Here's my data.table code:
library(data.table)
library(nycflights13)
data("flights")
flights_DT <- as.data.table(flights)
val_var <- "arr_delay"
id_var <- "carrier"
by <- c("month", "day")
flights_DT[
j = list(agg_val_var = sum(abs(get(val_var)), na.rm = TRUE)),
keyby = c(id_var, by)
][
i = order(-agg_val_var),
j = list(value_share = cumsum(agg_val_var)/sum(agg_val_var)),
keyby = by
][
j = .SD[2L],
keyby = by
][
order(-value_share)
]
#> month day value_share
#> 1: 10 3 0.5263012
#> 2: 1 24 0.5045664
#> 3: 1 20 0.4885145
#> 4: 10 17 0.4870692
#> 5: 3 6 0.4867606
#> ---
#> 361: 5 4 0.3220295
#> 362: 6 15 0.3205974
#> 363: 1 28 0.3197260
#> 364: 11 25 0.3161550
#> 365: 6 14 0.3128286
Created on 2021-03-11 by the reprex package (v1.0.0)

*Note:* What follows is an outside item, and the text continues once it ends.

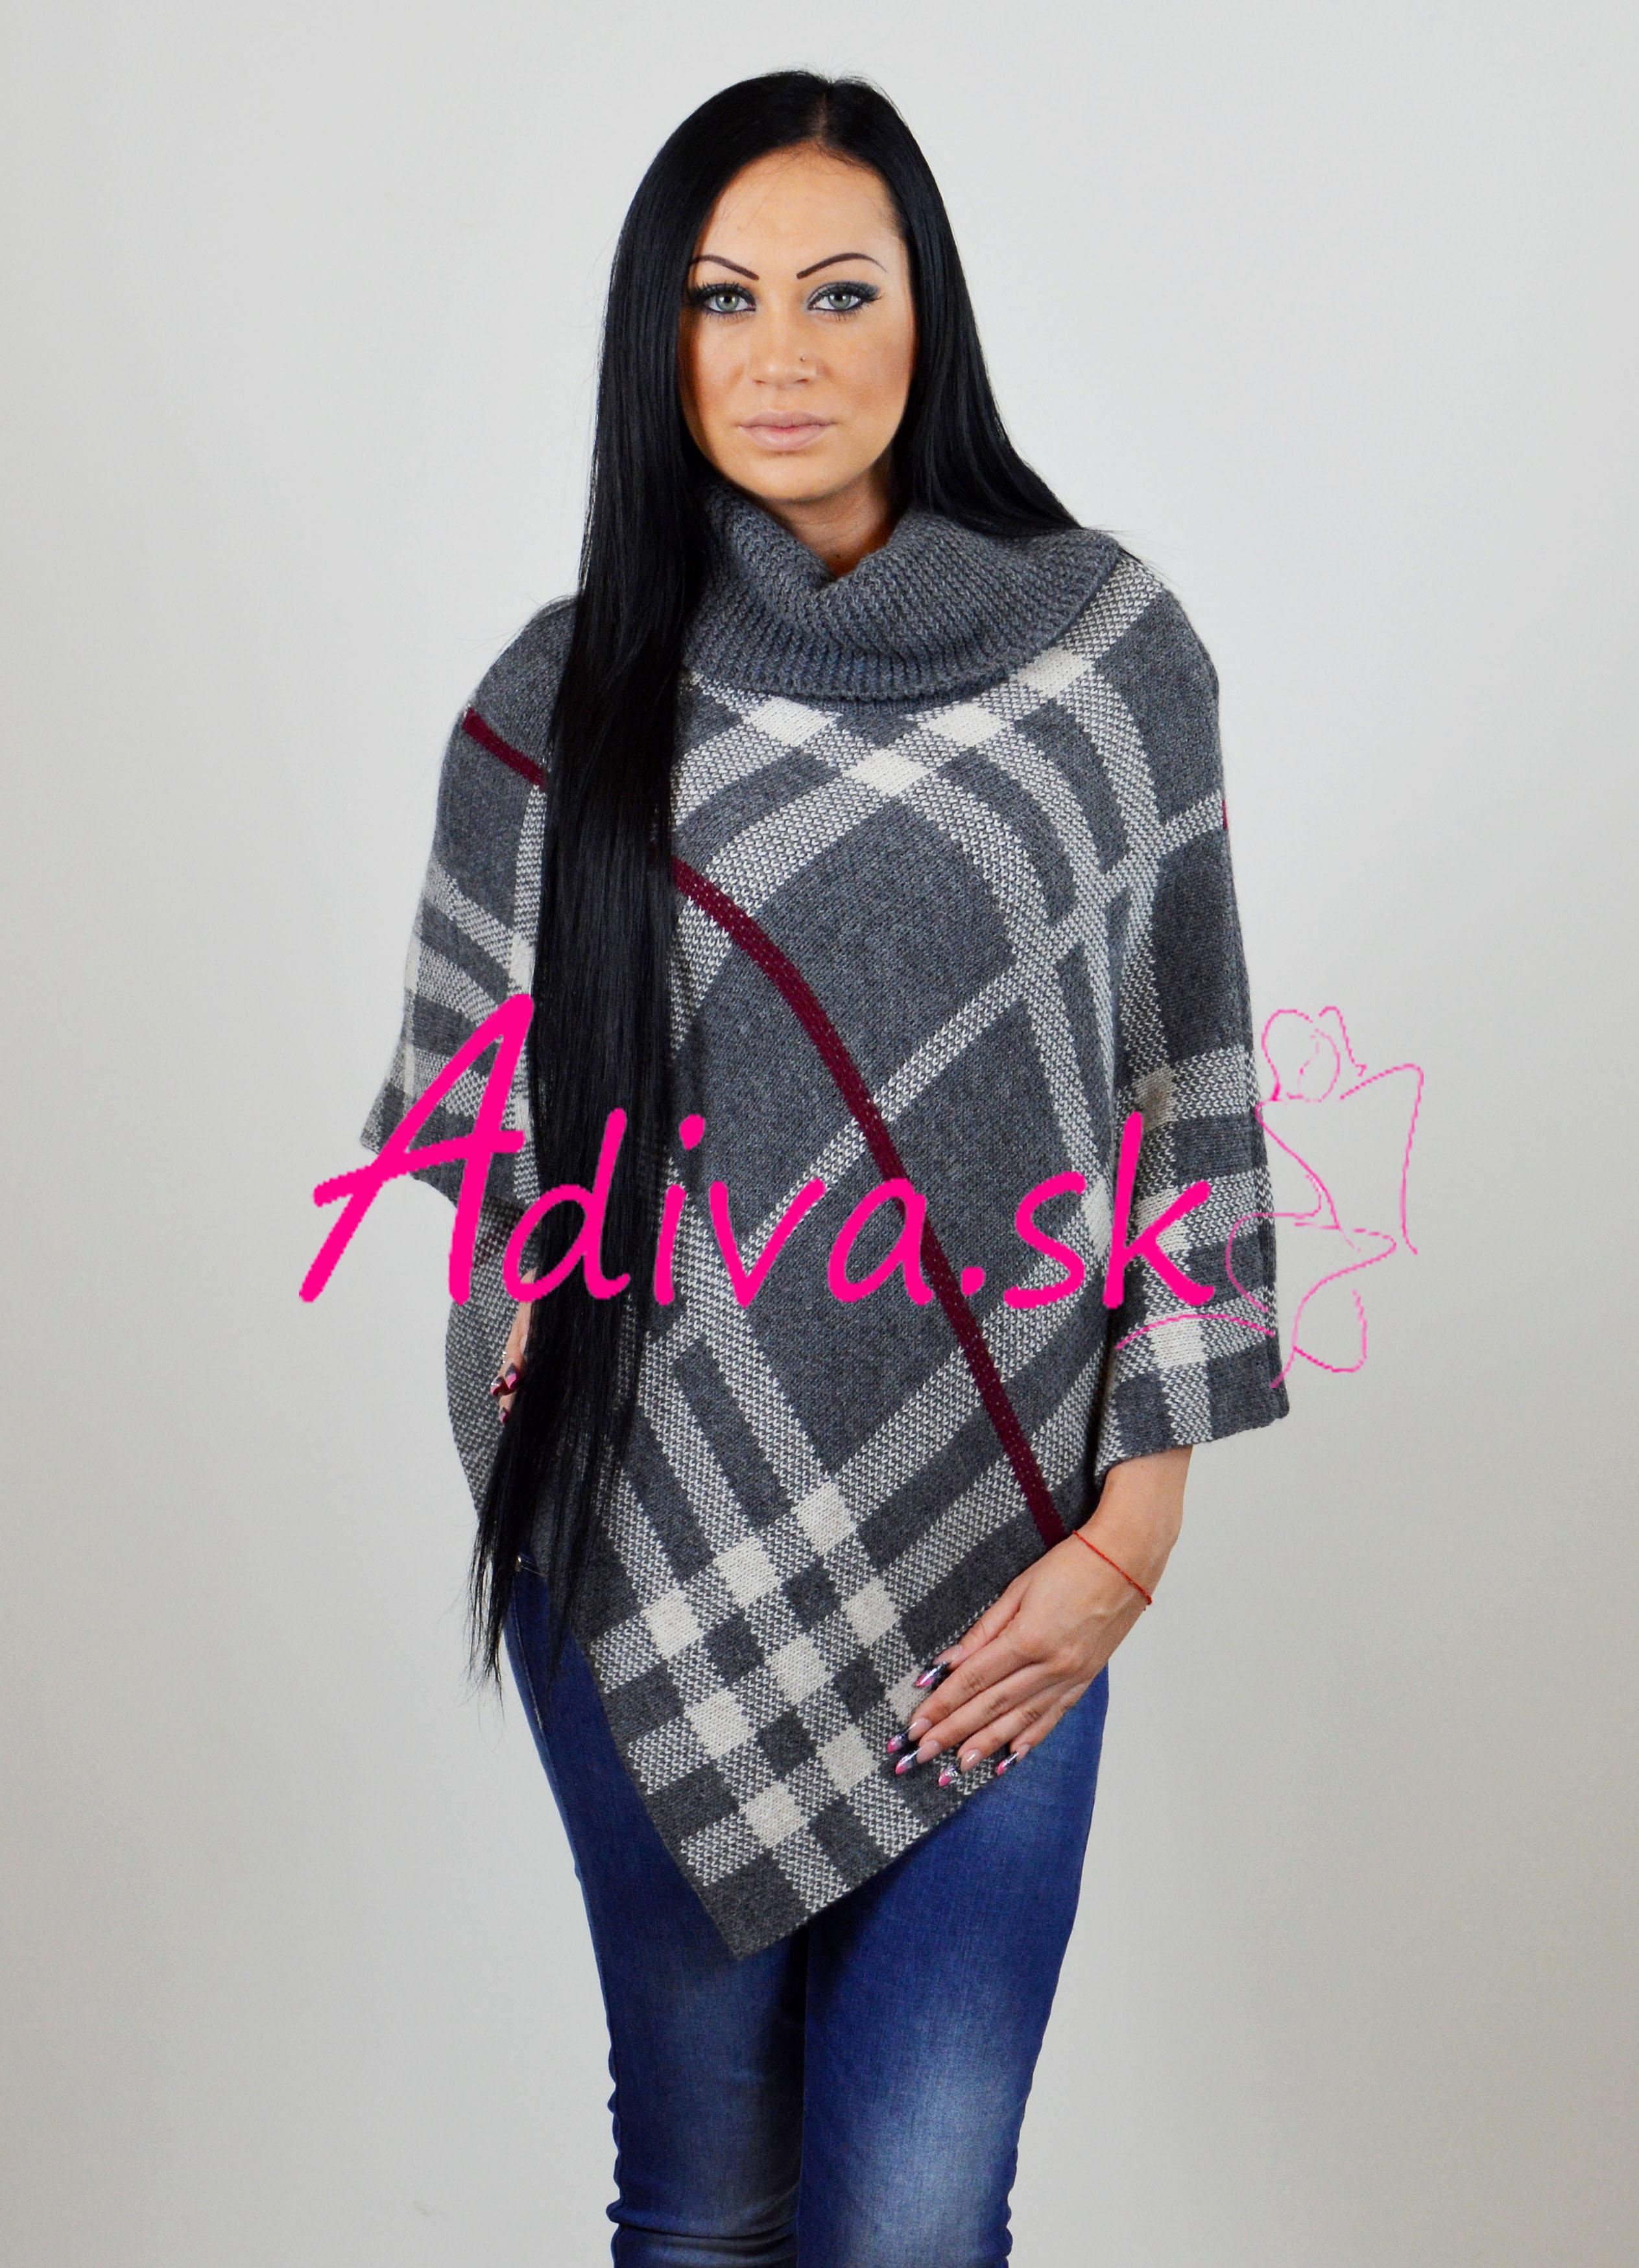 85e27f074dc2 Veľmi dobrým online obchodom je obchod www.adiva.sk Tento trendy eshop vám  ponúka krásne kúsky dámskeho oblečenia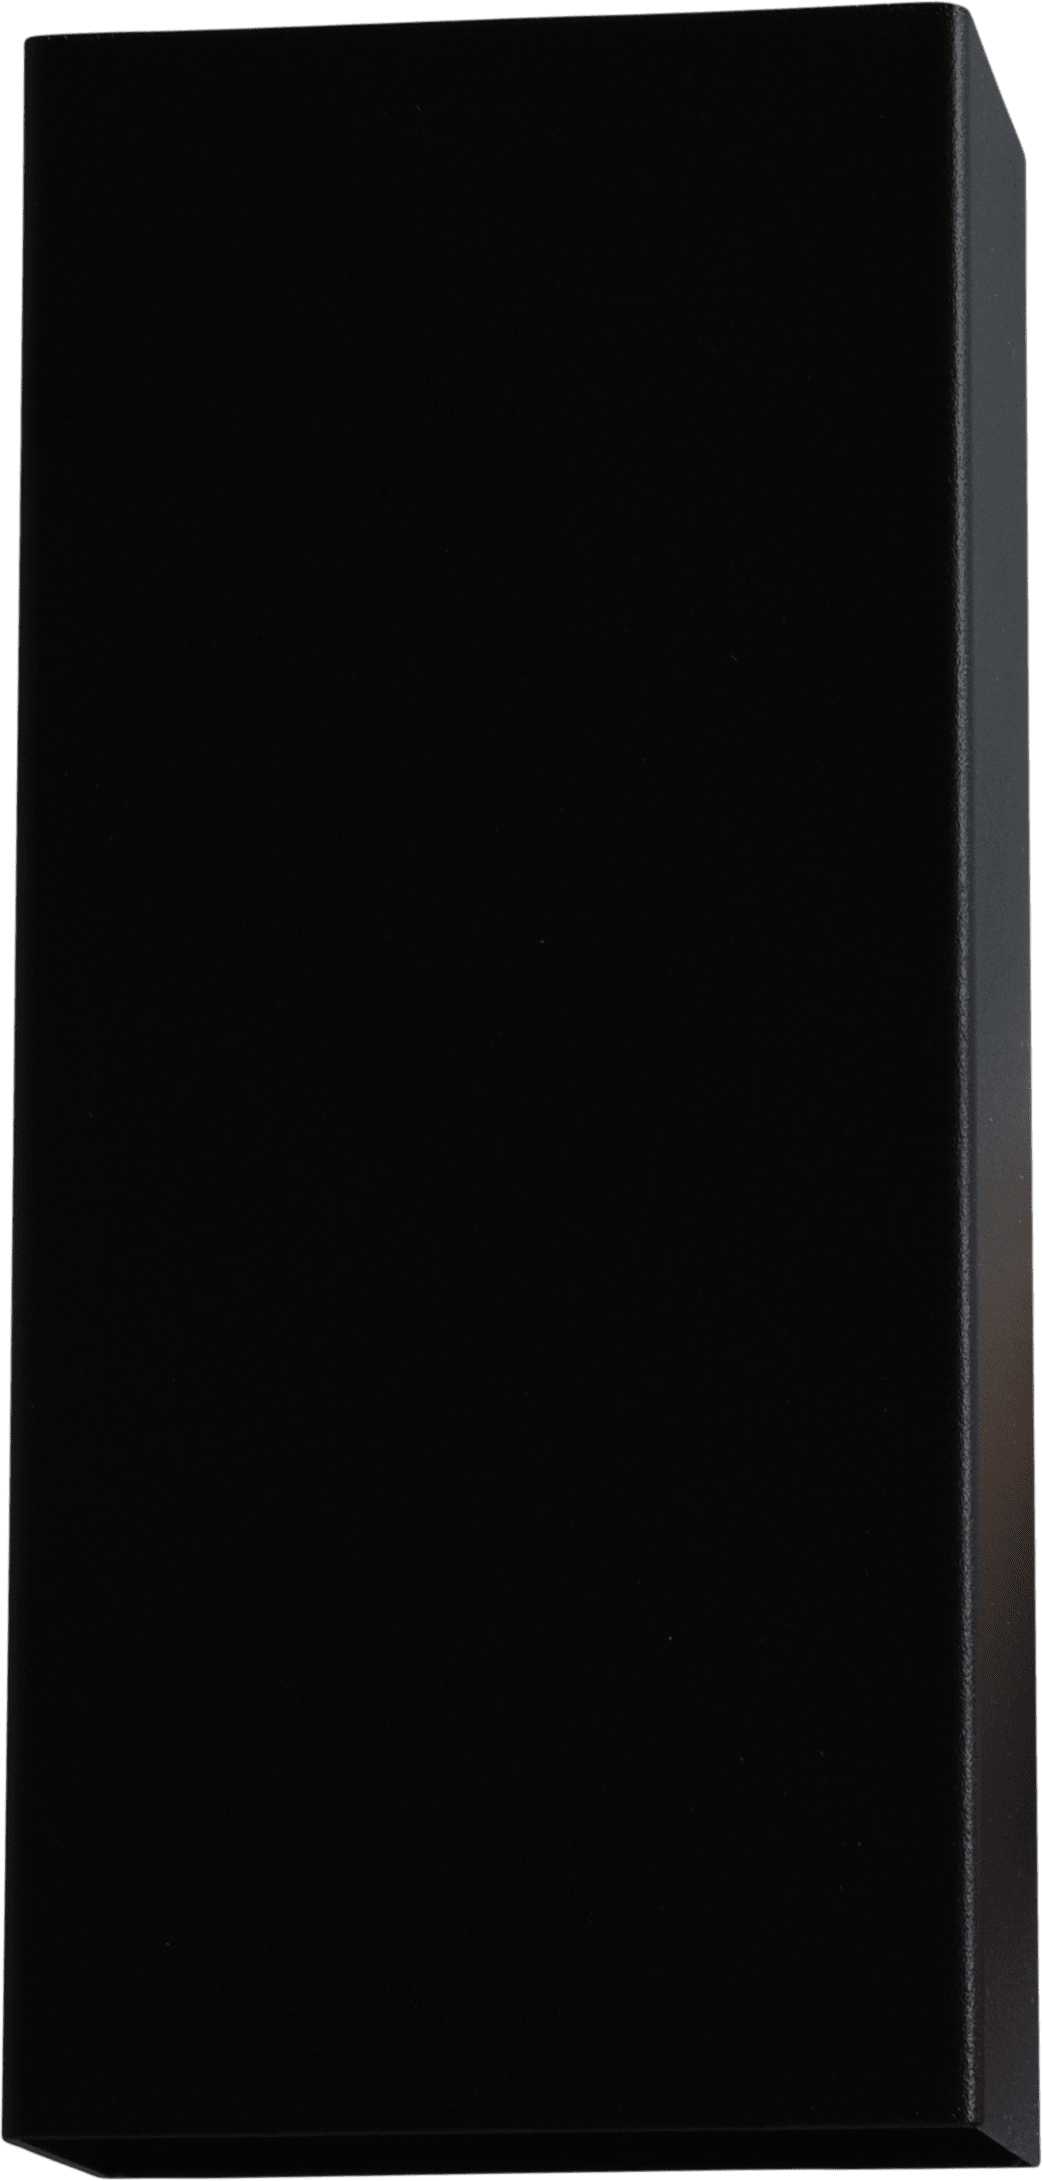 Metallico WL METALLICO MATT BLACK STRUCTURE 22X10CM

I managed to translate the first data.table call, but struggled later on.
It would be great to see how collapse would be used to handle this use case.
So on this the first thing I'd like to note is that collapse is not and probably never will be a full-blown split-apply combine computing tool like dplyr or data.table. It's focus is not on optimally executing arbitrary code expressions by groups, but on providing advanced and highly efficient grouped, weighted, time-series and panel data computations through the broad range of C++ based statistical and data transformation functions it provides. I refer to the vignette on collapse and data.table for further clarity on these points as well as integration examples.
Accordingly, I think it only makes sense to translate data.table code to collapse if (1) you've come up with an arcane expression in data.table to do something complex statistical it is is not good at (such as weighted aggregation, computing quantiles or the mode by groups, lagging / differencing an irregular panel, grouped centering or linear / polynomial fitting) (2) you actually don't need the data.table object but would much rather work with vectors / matrices / data.frame's / tibbles (3) you want to write a statistical program and would much prefer standard evaluation programming over NS eval and data.table syntax or (4) collapse is indeed substantially faster for your specific application.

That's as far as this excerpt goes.